Figure 3: Reason-Synthesis Framework aggregates parallel research trajectories for integrative synthesis.
Empirical Results
WebResearcher demonstrates state-of-the-art performance across six challenging benchmarks, including Humanity's Last Exam (HLE), BrowseComp-en/zh, GAIA, Xbench-DeepSearch, and FRAMES. On HLE, WebResearcher-heavy achieves 36.7% accuracy, outperforming DeepSeek-V3.1 (29.8%) and OpenAI Deep Research (26.6%). On BrowseComp-en, it reaches 51.7%, matching OpenAI's proprietary system and exceeding the best open-source alternative by 21.7 percentage points.

Figure 4: WebResearcher outperforms state-of-the-art deep-research agents across multiple benchmarks.
Ablation studies confirm that the iterative paradigm itself, not just the training data, is the critical driver of performance. Mono-Agent + Iter (mono-contextual agent with iterative training data) improves over the base Mono-Agent, but WebResearcher (full iterative paradigm) achieves the highest scores, isolating the impact of periodic synthesis and workspace reconstruction.
Analysis of tool-use behavior reveals that IterResearch agents dynamically adapt their strategies to task demands. On HLE, the agent employs concise reasoning chains with focused academic search, while on BrowseComp, it sustains long, exploratory sequences with extensive web navigation and information integration. The average number of reasoning turns varies from 4.7 (HLE) to 61.4 (BrowseComp), with some tasks requiring over 200 interaction turns. This adaptivity validates the effectiveness of the iterative architecture for both targeted and exploratory research.
Test-Time Scaling and Ensemble Effects
The Reason-Synthesis Framework enables performance enhancement via parallel research trajectories. Increasing the number of parallel agents (n) yields consistent improvements in pass@1 scores, with diminishing returns beyond n=8. This ensemble effect allows the Synthesis Agent to fuse diverse reasoning paths, producing more robust answers at the cost of increased computational resources.

Figure 5: Increasing the number of parallel research agents (n) improves HLE performance, with optimal trade-off at n=8.
Implications and Future Directions
WebResearcher establishes a new paradigm for long-horizon agentic reasoning, demonstrating that periodic synthesis and Markovian state reconstruction are essential for sustained cognitive performance. The framework's modularity enables integration with diverse toolsets and scaling via parallelism. The data synthesis engine provides a blueprint for generating complex, verifiable training corpora, addressing a major bottleneck in agentic AI development.

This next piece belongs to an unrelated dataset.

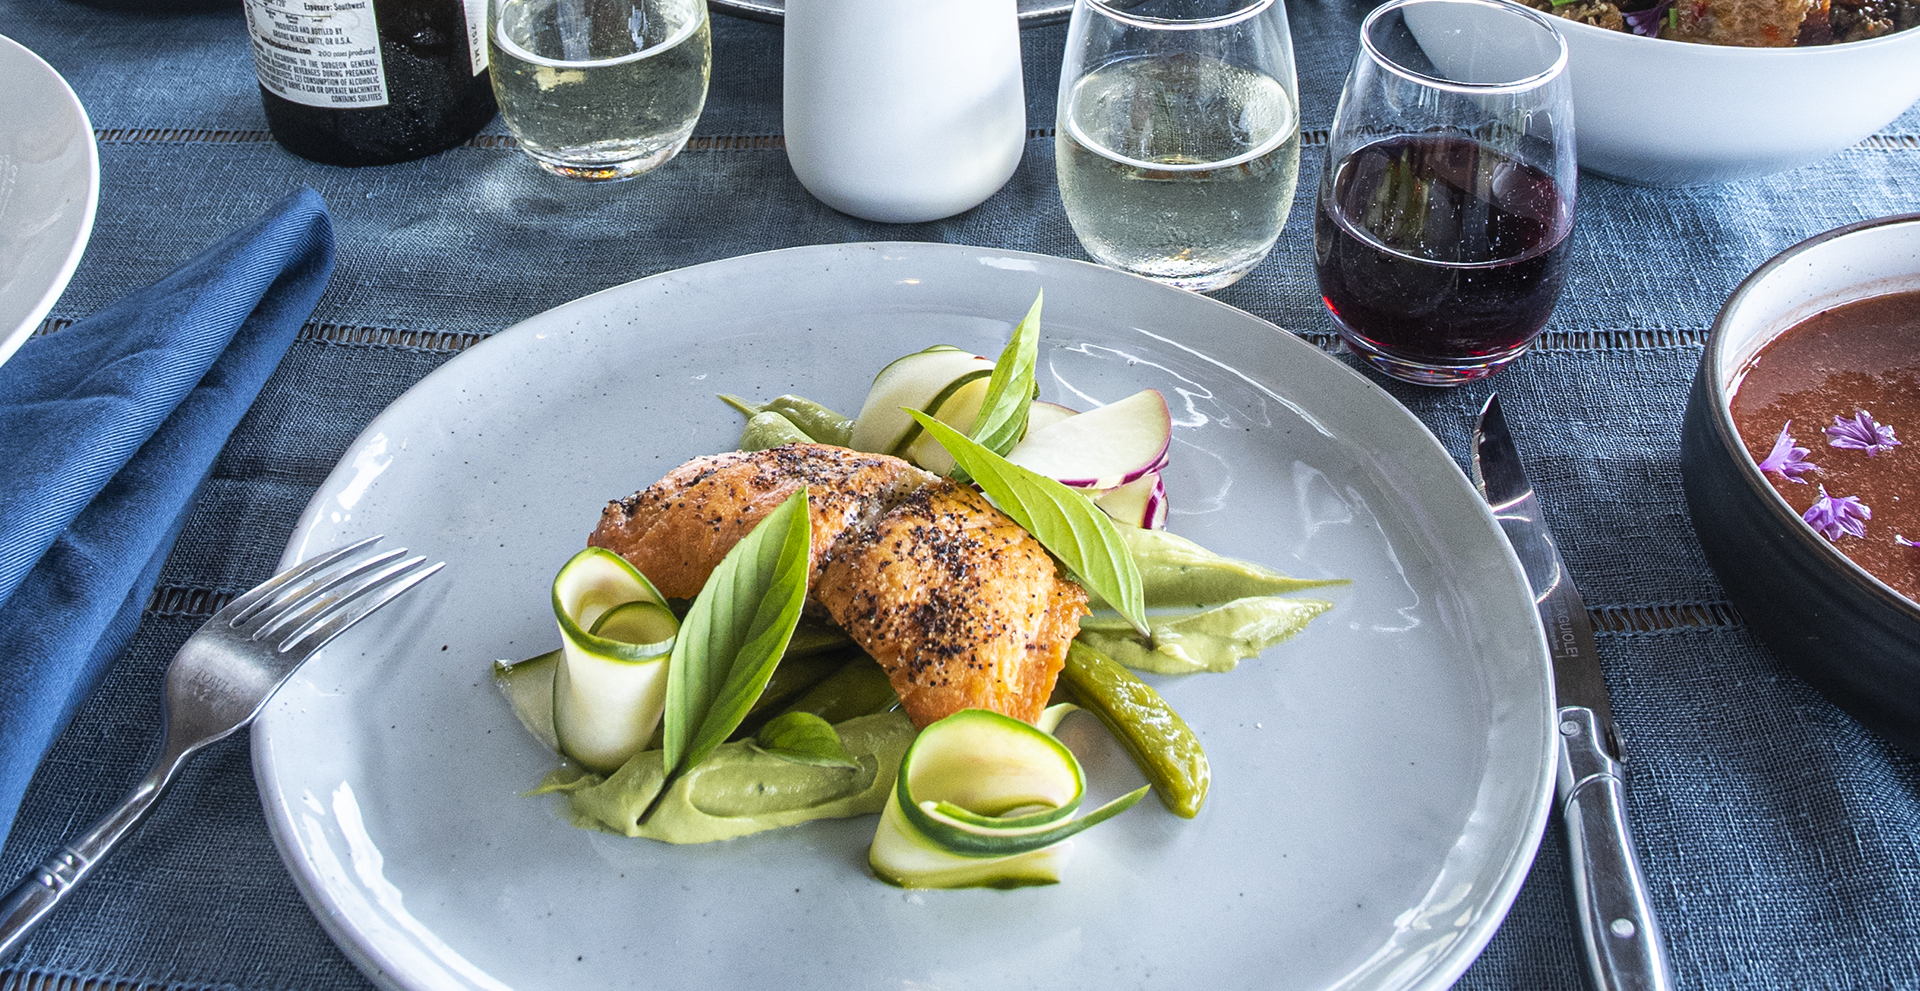 Pan-seared king salmon with an avocado mousse, snap peas, and pickled cucumber ribbons

Theoretical implications include the formalization of deep research as an MDP, enabling principled analysis and optimization. Practically, WebResearcher can be extended to domains requiring multi-hop reasoning, cross-domain synthesis, and autonomous knowledge construction. Future work may explore hierarchical agent architectures, adaptive synthesis strategies, and continual learning in dynamic environments.
Conclusion
WebResearcher introduces an iterative deep-research paradigm that overcomes the limitations of mono-contextual accumulation, enabling unbounded reasoning capability in long-horizon agents. Through Markovian synthesis, scalable data generation, and parallel research-synthesis, the framework achieves superior performance on complex benchmarks and establishes a foundation for future advances in agentic intelligence. The results underscore the necessity of structured iteration and synthesis for effective autonomous research, with broad implications for the development of general-purpose AI agents.